Symptoms of lymphedema include tightness and swelling which are frequently unilateral and asymmetric, as well as joint immobility and pain which is sometimes misdiagnosed as arthritis. In addition, long term effects can include obesity, skin changes, minor or severe infections, and even risk of lymphangiosarcoma if the lymphedema remains untreated. Cosmetic concerns also present psychological issues for many patients.
The symptoms of lymphedema gradually progress through three stages. Stage I, or reversible lymphedema, is marked by swelling which is usually reduced with simple elevation of the swollen arm or leg. There is also pitting of the overlying skin when it is depressed. Stage II is referred to as spontaneously irreversible lymphedema and is marked by an increase in fibrous tissue and progressive skin hardening. There can be frequent infections, swelling is increased, and the skin no longer pits when depressed. Simple elevation is no longer effective in reducing swelling at this stage. Stage III, or lymphostatic elephantiasis, shows an extreme increase in swelling in which the limb becomes columnar (loses definition of the knee and/or ankle). There are more extreme skin changes with increased hardening, and there can be large hanging skin folds. Stage III lymphedema can infrequently be associated with Stewart-Treves Syndrome, a highly malignant angiosarcoma.
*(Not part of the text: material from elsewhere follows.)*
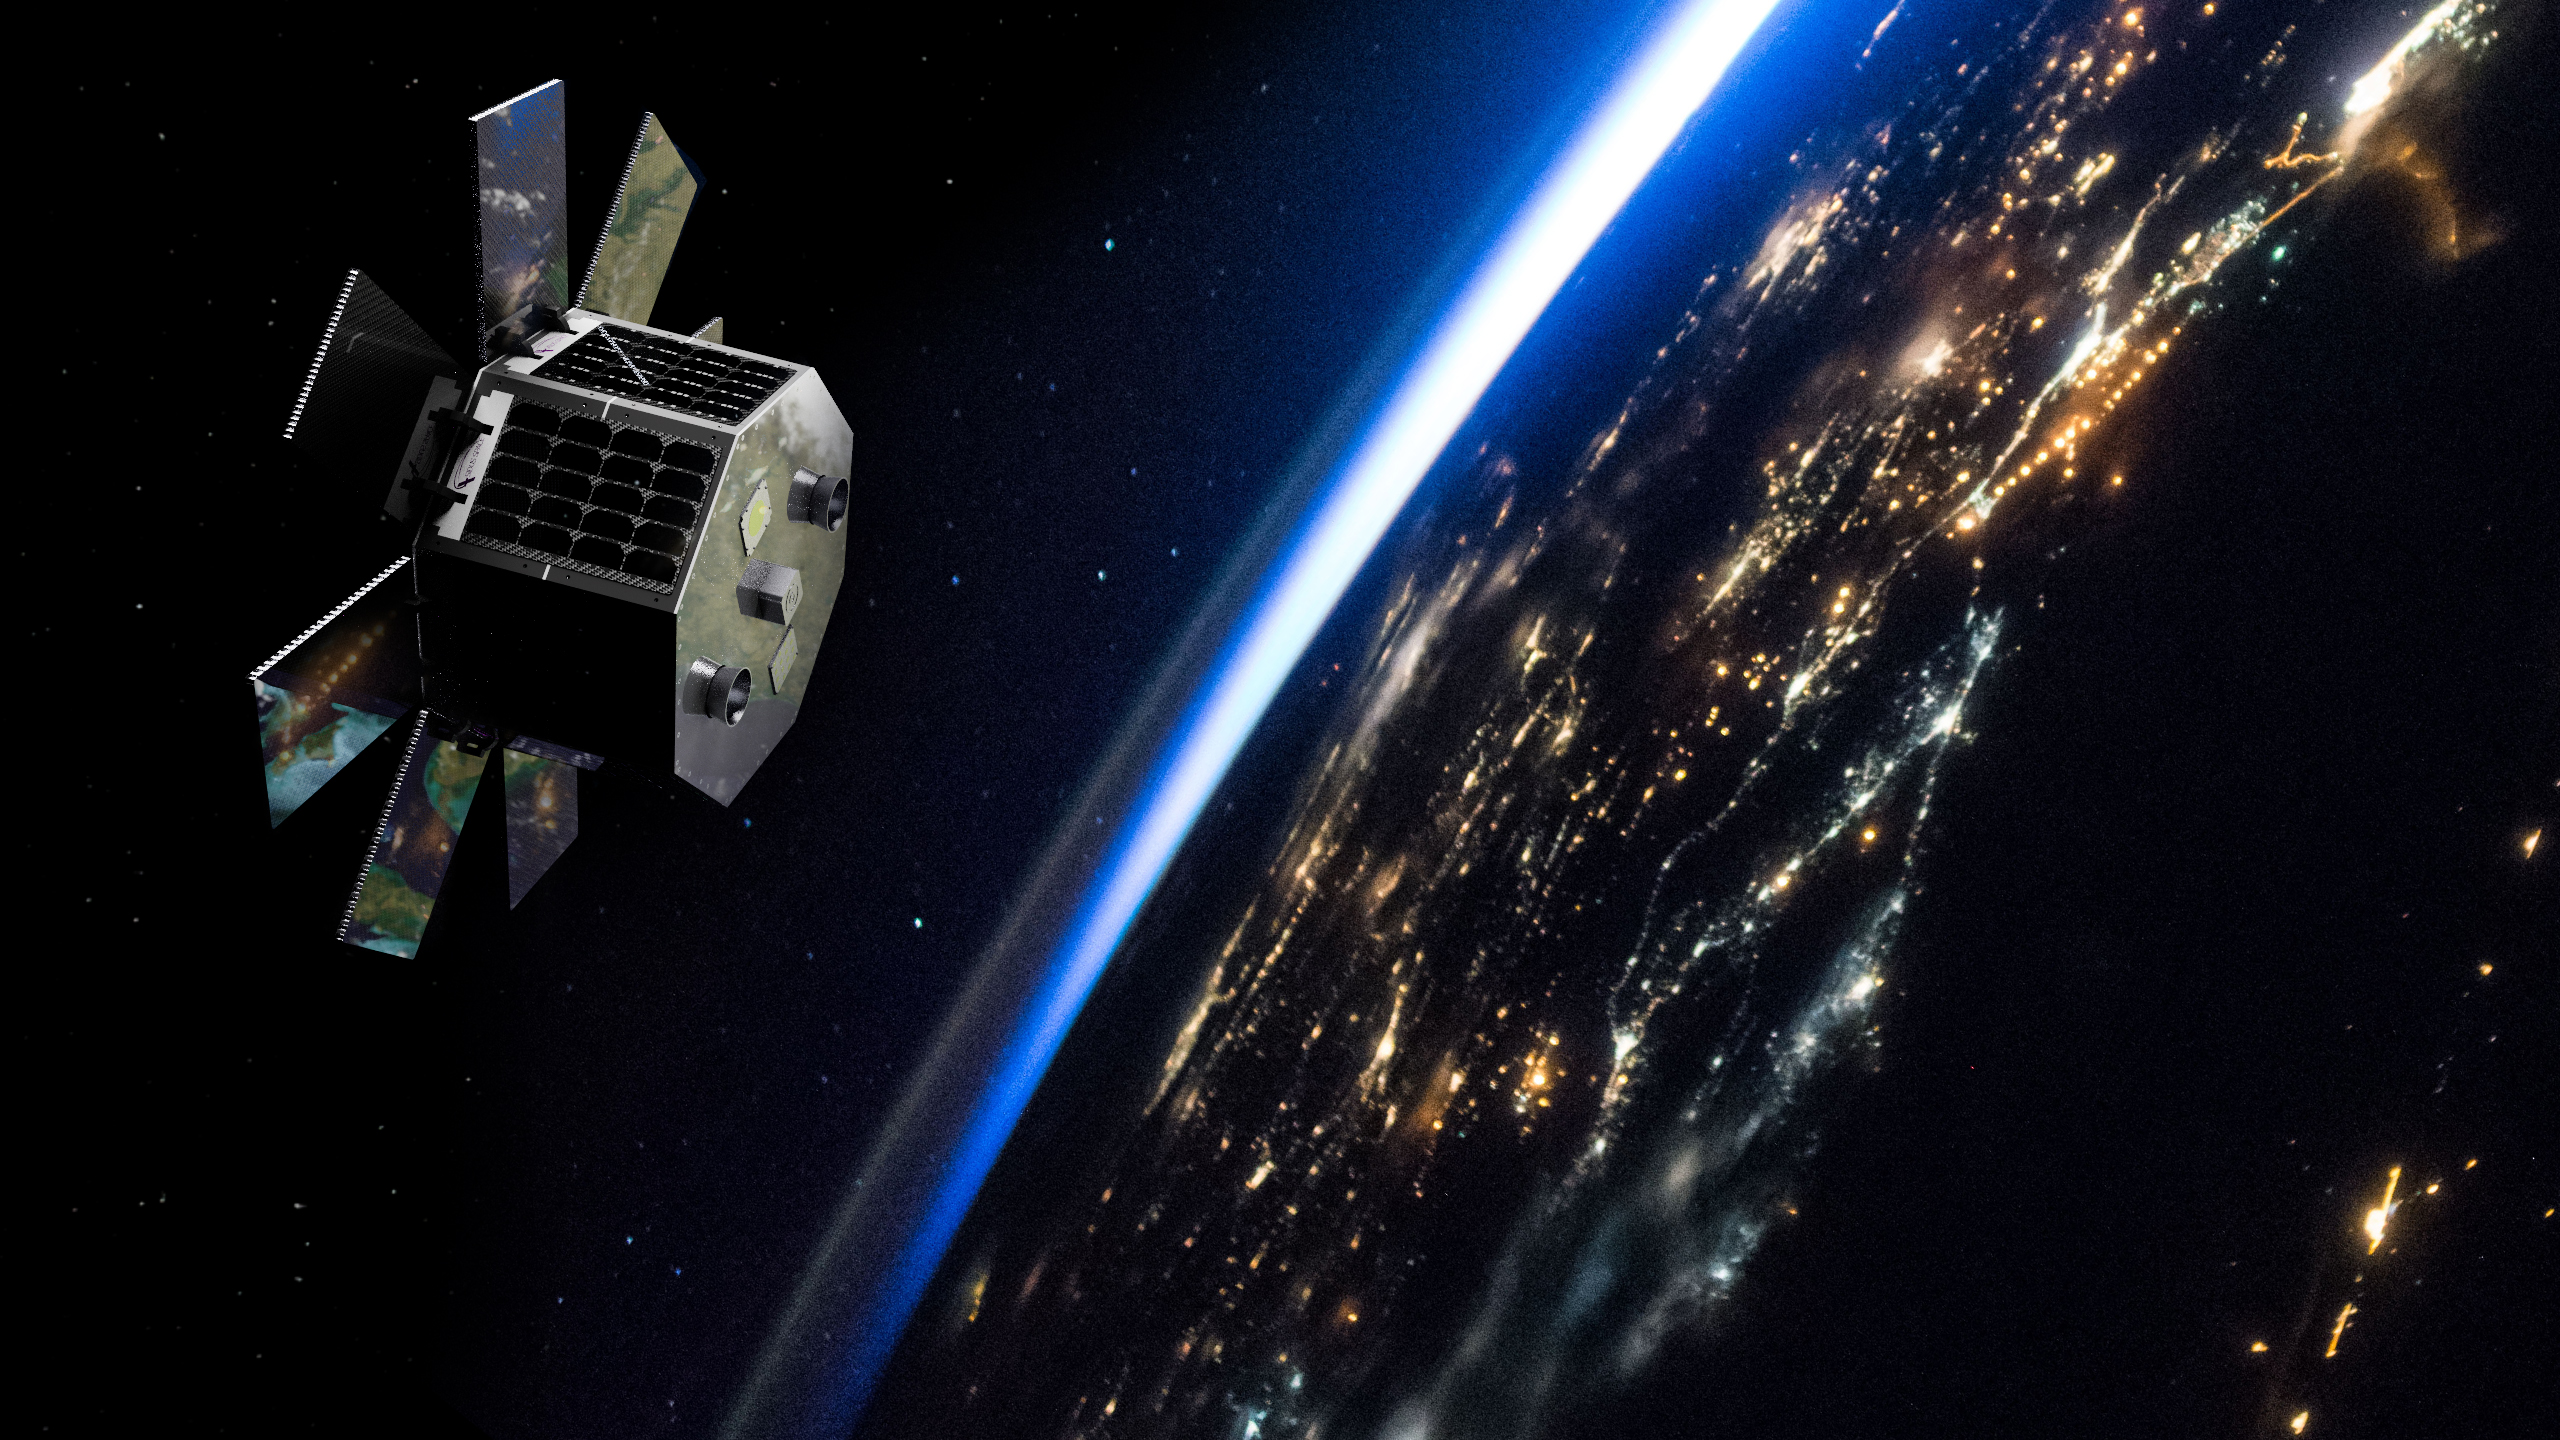 लियो तारामंडल के लिए सिडस स्पेस ने 5.2 मिलियन डॉलर जुटाए

|What is Manual Lymphatic Drainage treatment?
Manual Lymph Drainage is a highly specialized massage technique performed by physical therapists certified in lymphedema treatment.
Although an excellent form of treatment, many patients find the continuous bandaging very difficult. Often the bandaging must be done every day for life once a patient finishes therapy. The treatment has limited coverage from Medicare and Insurance companies.
Manual Lymph Drainage uses a specific light-pressure stroking action to stimulate the lymph vessels just below the surface of the skin.
Manual Lymph Drainage then works to stimulate the lymph vessels on the "good unaffected side" of the body (trunk region) which then helps suction lymph fluid from the "bad affected side" of the body. The therapist guides the fluid from sluggish lymph areas to various healthy lymph regions that are effective in draining excessive fluid. After the trunk or abdomen is decongested/drained, the upper part of the arm or leg is treated and then is followed the distal part and the limb.
Manual Lymph Drainage helps the lymph system remove excess water, protein and other wastes from connective tissues in different areas.. The lymph system then rids the body of this excessive fluid by eventually dumping it back into the blood stream.